Your Advocacy in Action in 2023

NBTS helped secure 109 co-sponsors in the House and four new co-sponsors in the Senate for the Stop the Wait Act, which directs the Social Security Administration to phase out the five-month waiting period to receive SSDI benefits and allow those who are uninsured or unable to afford health insurance to receive Medicare coverage immediately.

NBTS helped advocate for continued investments into ARPA-H (the new federal health agency charged to innovate research and health care solutions for patients with cancer and other diseases). 

Investments in therapeutic interventions are vital to developing novel treatments and personalized approaches for difficult-to-treat cancers such as glioblastoma. Thanks to the advocacy of NBTS advocates, the House of Representatives Labor, Health, and Human Services Appropriations Sub-Committee directs ARPA-H to make a significant investment of no less than $100M to support pre-clinical and clinical trials, including the evaluation of immune-based therapies, targeted therapies, and combination treatments. This investment will create opportunities to discover new treatments for patients with brain tumors.

NBTS and thousands of our amazing volunteers advocated, as part of the Alliance for Childhood Cancer, to ensure the Childhood Cancer STAR Act receives continued federal funding when a Fiscal Year 2024 budget bill is enacted. 

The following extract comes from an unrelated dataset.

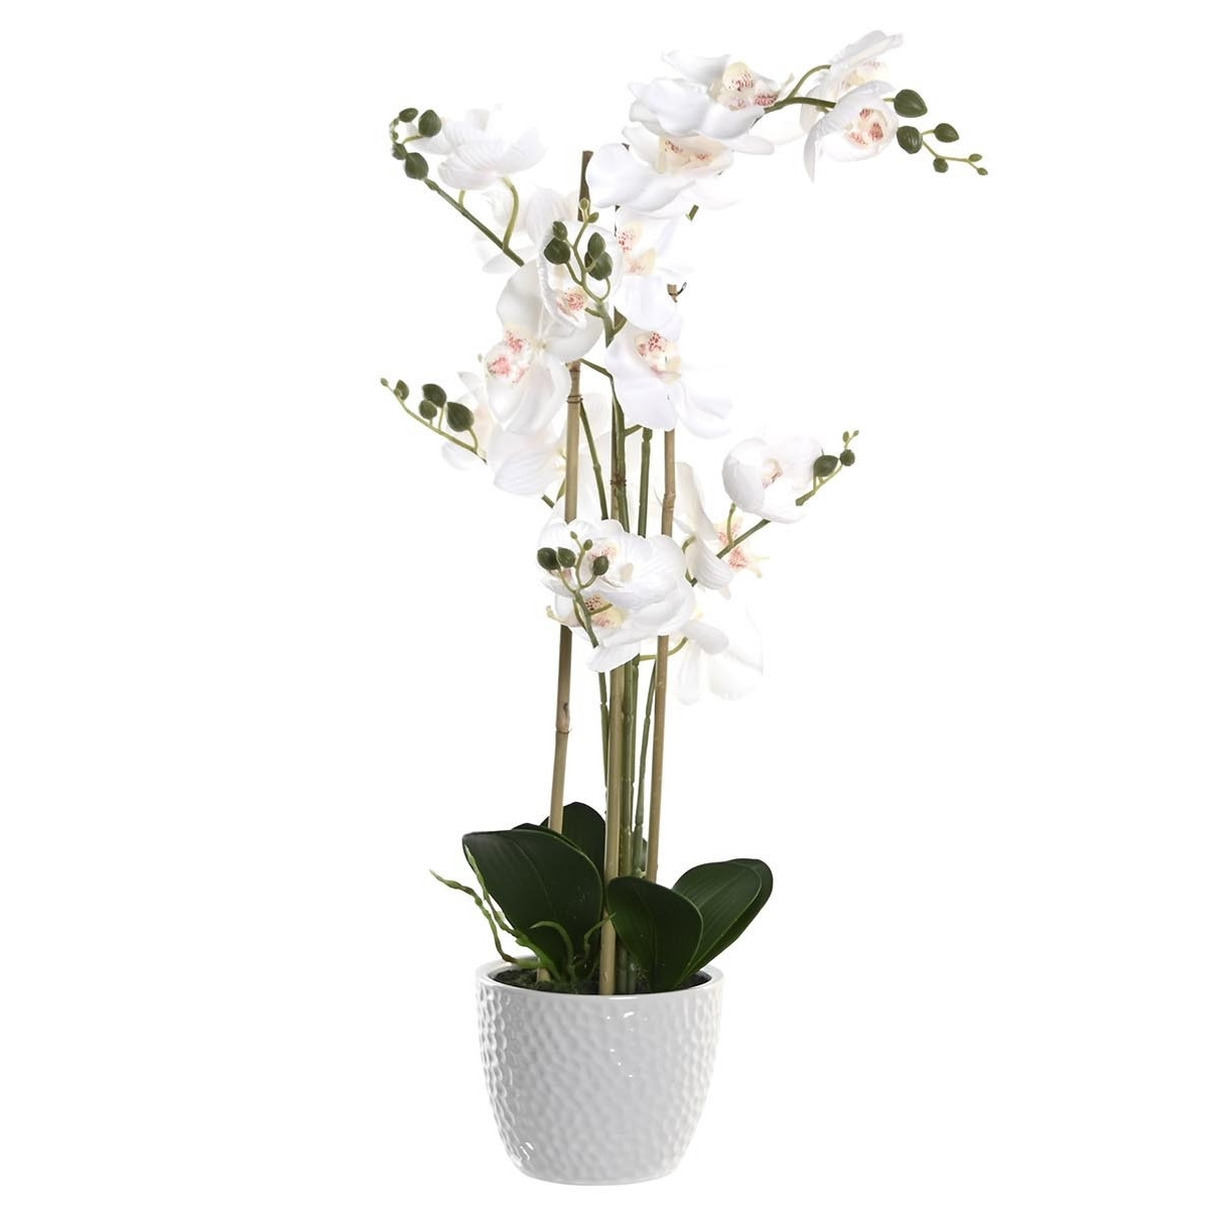 Orchidee bloemen kunstplant in witte bloempot witte bloemen H77 cm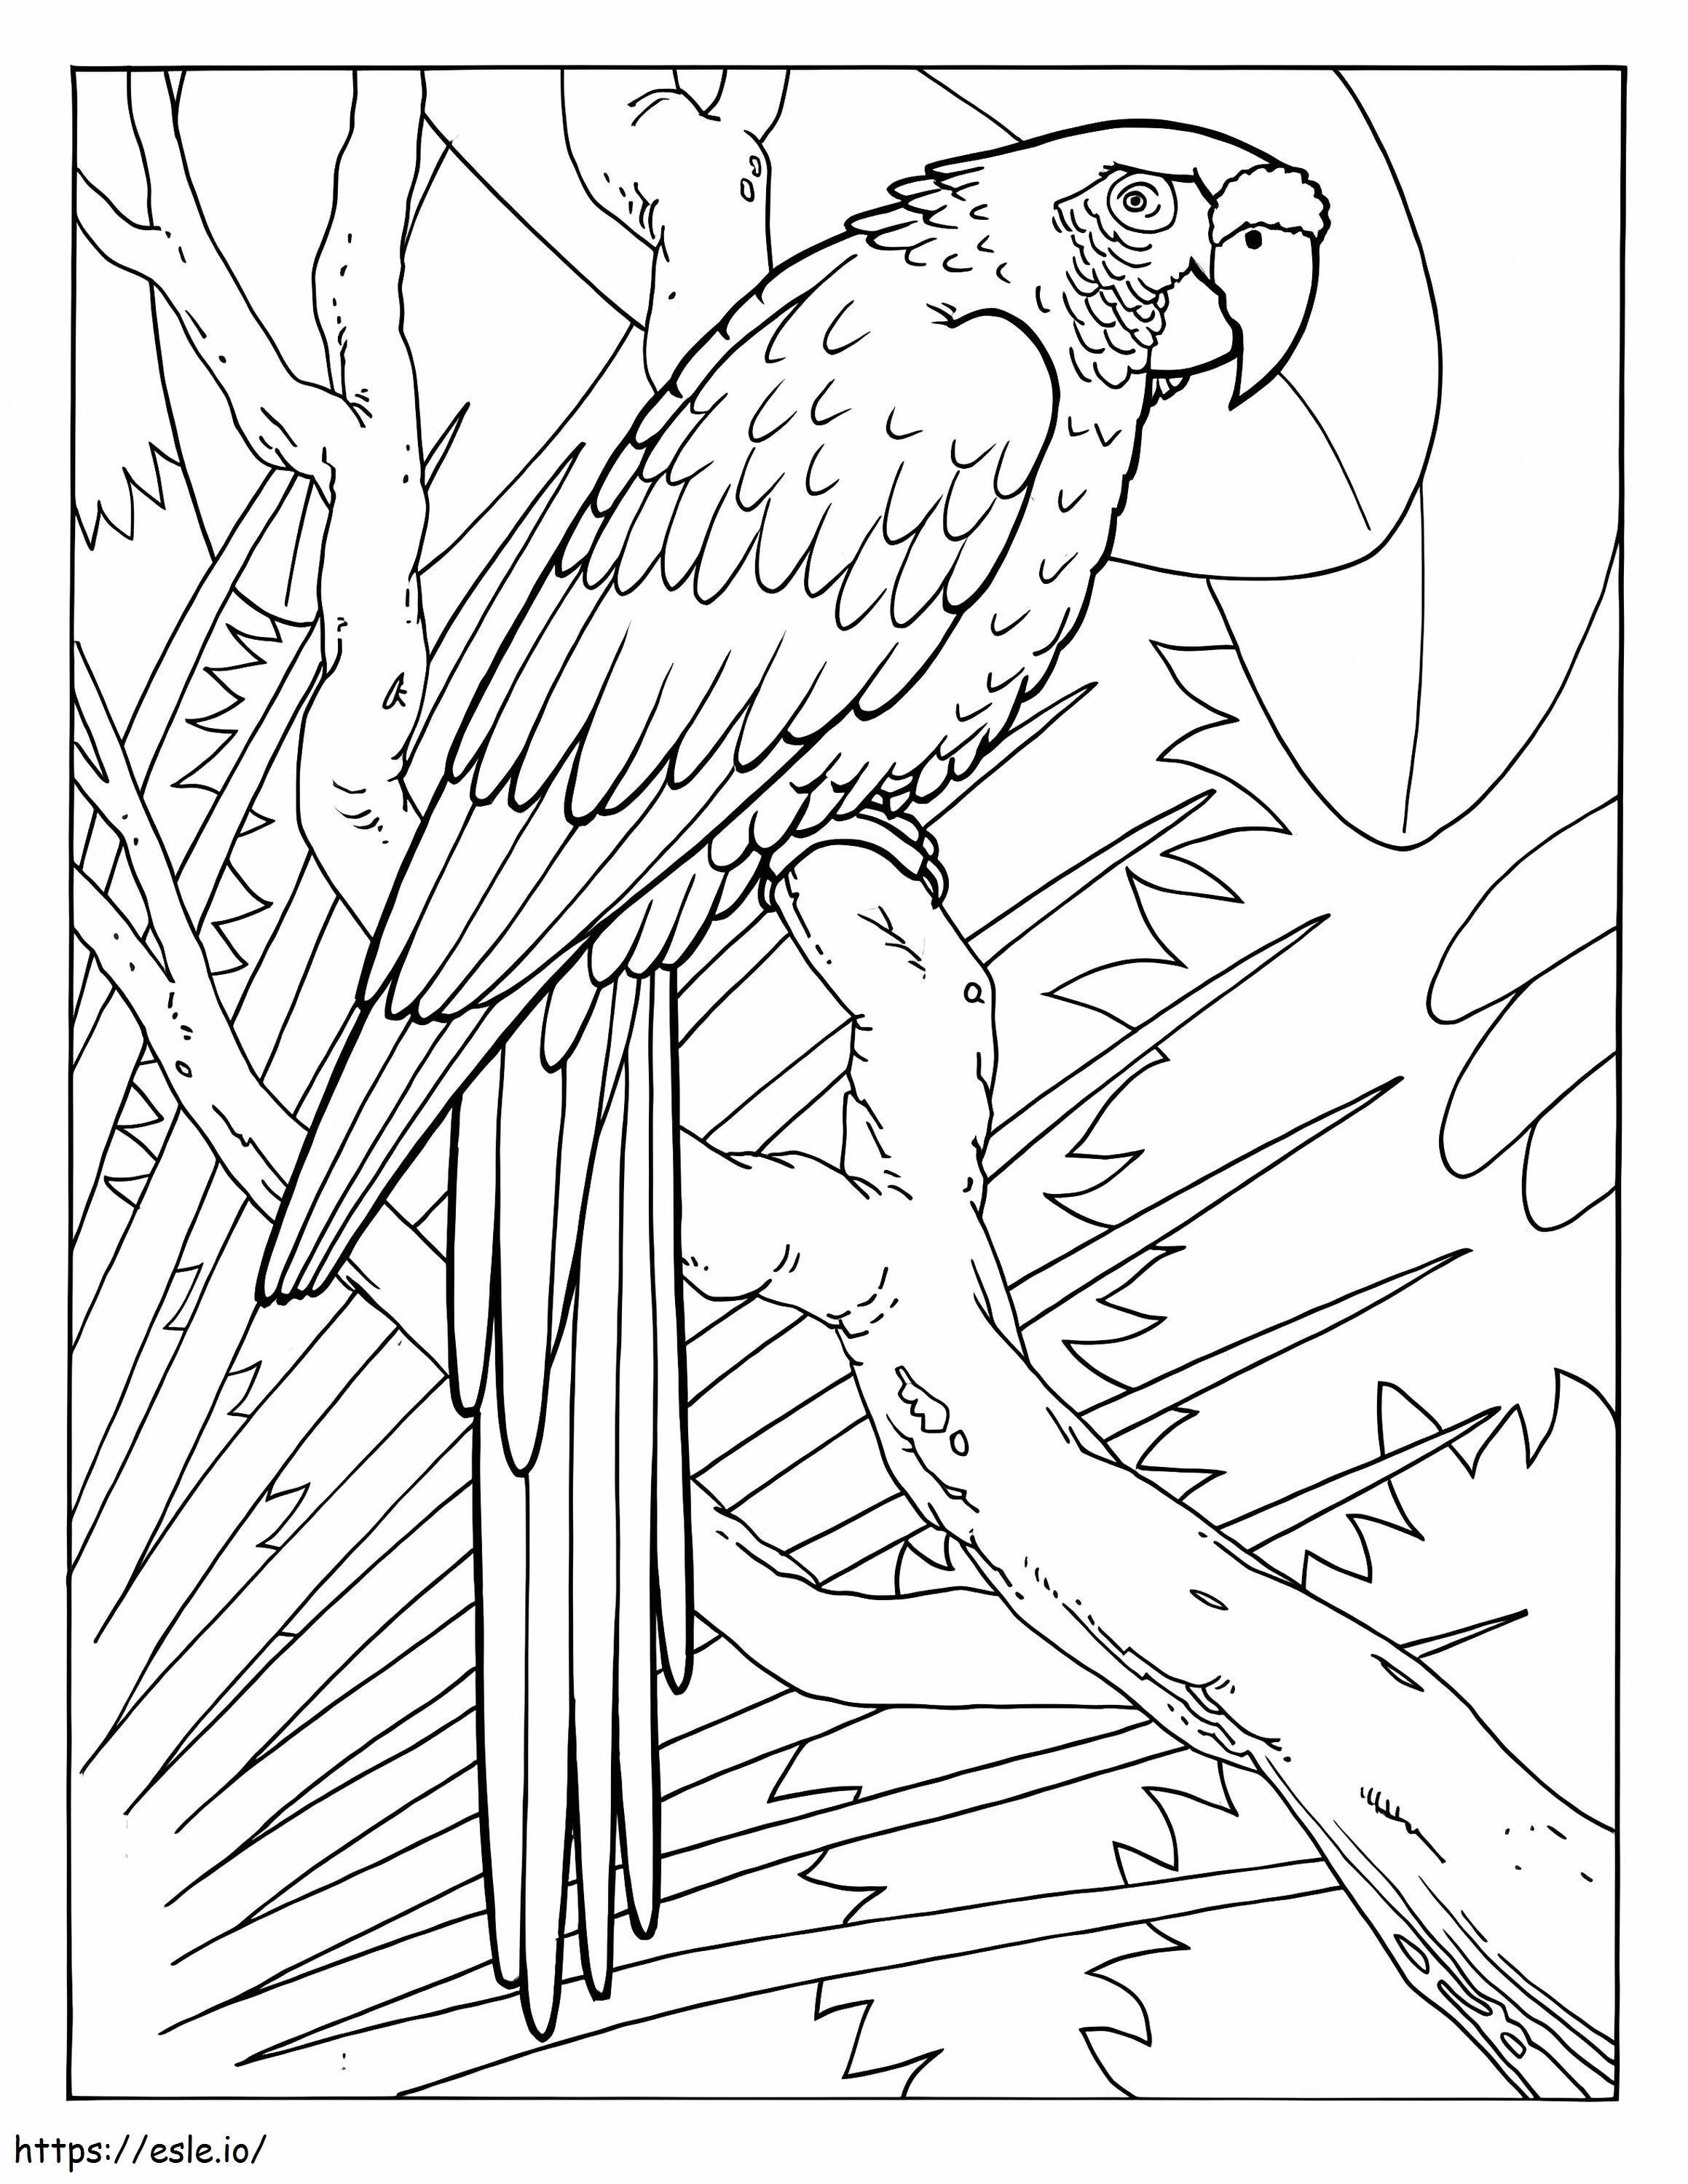 Macaw Sederhana Gambar Mewarnai

The Senate Appropriations Committee included language to fully fund the Childhood Cancer STAR Act and the Childhood Cancer Data Initiative again this year in its Fiscal Year 2024 House of Representatives’ Labor-HHS Appropriations bill.

NBTS spearheaded efforts to ensure brain cancer and pediatric brain tumors were included as eligible priority research topics for the Peer Reviewed Cancer Research Program (PRCRP) at the Department of Defense, creating millions of dollars in funding opportunities for neuro-oncology researchers.

For the fifth consecutive year, NBTS worked with a dedicated bipartisan group of U.S. Senators and Representatives led by Senators Graham, Markey, Warren, Sinema, Kelly, and Scott and Representatives Mast, Auchincloss, Schakowsky, and Gallagher to introduce and pass a resolution designating the third Wednesday in July as a day to honor those impacted by glioblastoma and to raise this disease on our national priority list.

NBTS helped secure 19 co-sponsors in the Senate for the Palliative Care and Hospice Education Training Act (PCHETA), which advances palliative care education, awareness, and research and improves the quality of care for millions of patients and families facing chronic illnesses.

NBTS participated in the first-ever White House Cancer Moonshot Brain Cancers Forum on glioblastoma (GBM) and diffuse intrinsic pontine glioma (DIPG) to explore ways to accelerate efforts to develop innovative treatments and reduce disparities in access to care and clinical trials. NBTS brought a critical patient advocacy perspective and urged the Biden Administration to end cancer as we know it by both speeding up research and improving the adequacy and affordability of specialized health care for patients with brain tumors.

This fall, NBTS advocated that Congress should come together to pass a Fiscal Year 2024 budget and avoid a looming government shutdown because it’s vital that the government can fund and conduct critical brain tumor research and treatment development activities. NBTS led advocacy efforts to ensure that Congress understands the negative impact on research from government shutdowns. 

On behalf of the brain tumor community, NBTS formally advocated for the Centers for Medicare and Medicaid Services (CMS) to create new billing codes to enable provider reimbursement for patient navigation services and expand health insurance network adequacy to include the top hospitals for brain cancer care. NBTS will continue to speak up to the federal Department of Health and Human Services to ensure that access to adequate and medically necessary cancer care keeps up with clinical advances and new treatments.

NBTS, throughout 2023, provided the FDA specific input on how the agency should consider clinical trial designs and quality of life benefit measurement.